蝉の声が少なくなり、赤とんぼを良く見かけるようになった。夏が終わりかけているんだ。

「ライカさん…どこへ行くのですか?」
 ただ着いて来い、とだけ言った。壱与は何も言わずに俺の後を着いて来た。さすがに小一時間も歩くと気になったのだろう。これが初めて問い掛けてきた瞬間だった。
「…見せたいものがあるんだ。」
 俺のその言葉を聞くと、壱与は一度だけ微笑んで、それ以上は何も聞いてこなかった。

 どれくらい歩いただろう。
 日も傾きかけた頃に、やっとあの場所へ着いた。
 俺や、オタジやウツキが子供の頃から遊んでいた場所。
 辺り一面がススキの野原。この頃になるとススキがなることは知っていた。
 乾いた風に吹かれて揺れるススキを見ると、なぜだか心が落ち着いたものだった。

「綺麗だろ?」
 得意げに言ってみせると、壱与は何も言わずにただ頷いた。目はススキ野原に釘付けのようで、少し惚けた顔をしていた。
「まるで、雲の中にいるみたいですね…」
 そう言ってもう一度微笑んだ壱与を見て、俺はホッとした。『壱与をここに連れて来て良かった――…』心からそう思った。

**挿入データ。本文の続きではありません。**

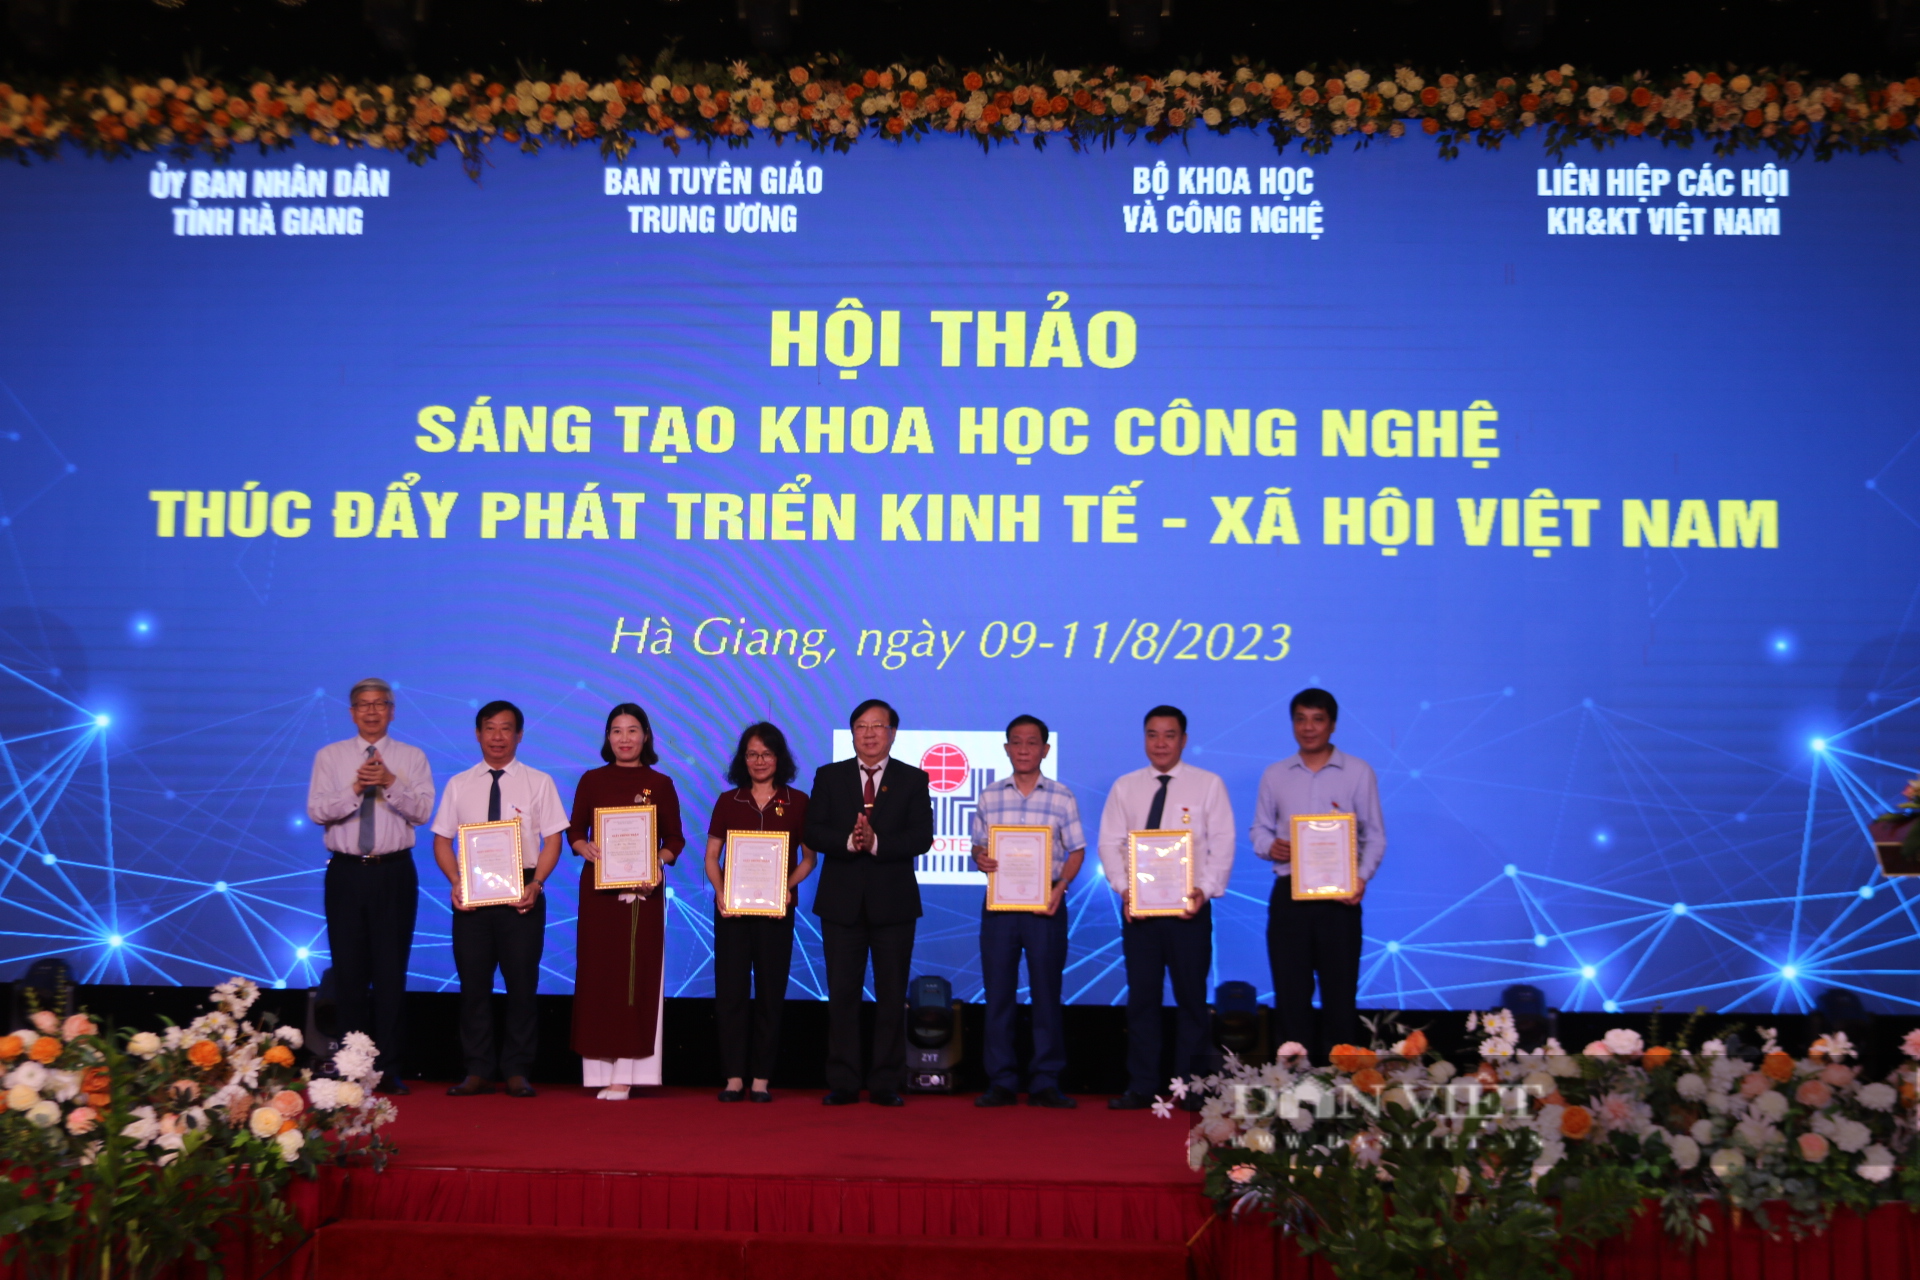 Sáng tạo khoa học công nghệ thúc đẩy phát triển kinh tế - xã hội Việt Nam - Ảnh 6.

 しばらく、ふたりでススキを眺めていた。何をするでもなく、何を話すわけでもなく。風に揺れるススキを見て、過ぎる夏を想っていたのだろうか。幸せそうに目を細めている壱与の横顔を見ると、そんなことはどうでもよくなってしまった。見慣れたはずのススキ野原に、改めて感動する自分がいた。


 いつしか日はすっかり落ちていた。
 月明かりに照らされた壱与を見つめていると、壱与も俺の視線に気付いて笑いかけてきた。
「そろそろ、帰りましょう?みなさん心配しているかもしれませんから…」
「ああ…」
 そう言って、ススキ野原に背を向けた時…強い風が吹いた。

 悪戯な風が、壱与の長い髪を舞い上げる。

「あ…」
 髪を押さえて、壱与は呟いた。俺も、風に呼び掛けられた気がして振りかえる。


 真っ白なススキの穂が、風に舞い上げられていた。それは初めて見た光景で、あまりに綺麗だった。


「すごい…」
 壱与もその光景に目を見張っていた。
 悪戯な風は、俺達に贈り物をしてくれたのだった。その不思議な光景を。

 そう、まるで―――…

「夏に降る…雪みたいですね。」

 舞い散るススキをその細い肩に積もらせ、壱与は柔らかく笑った。

 

 



妹から雷火小説を強奪しましたッ!
ライカと壱与の仲って結構好きなのですよ。言葉を交わさなくても気持ちが通じてるというか…。
そんな2人の雰囲気と情景がなんとも素敵な小説です。

…また書いてね!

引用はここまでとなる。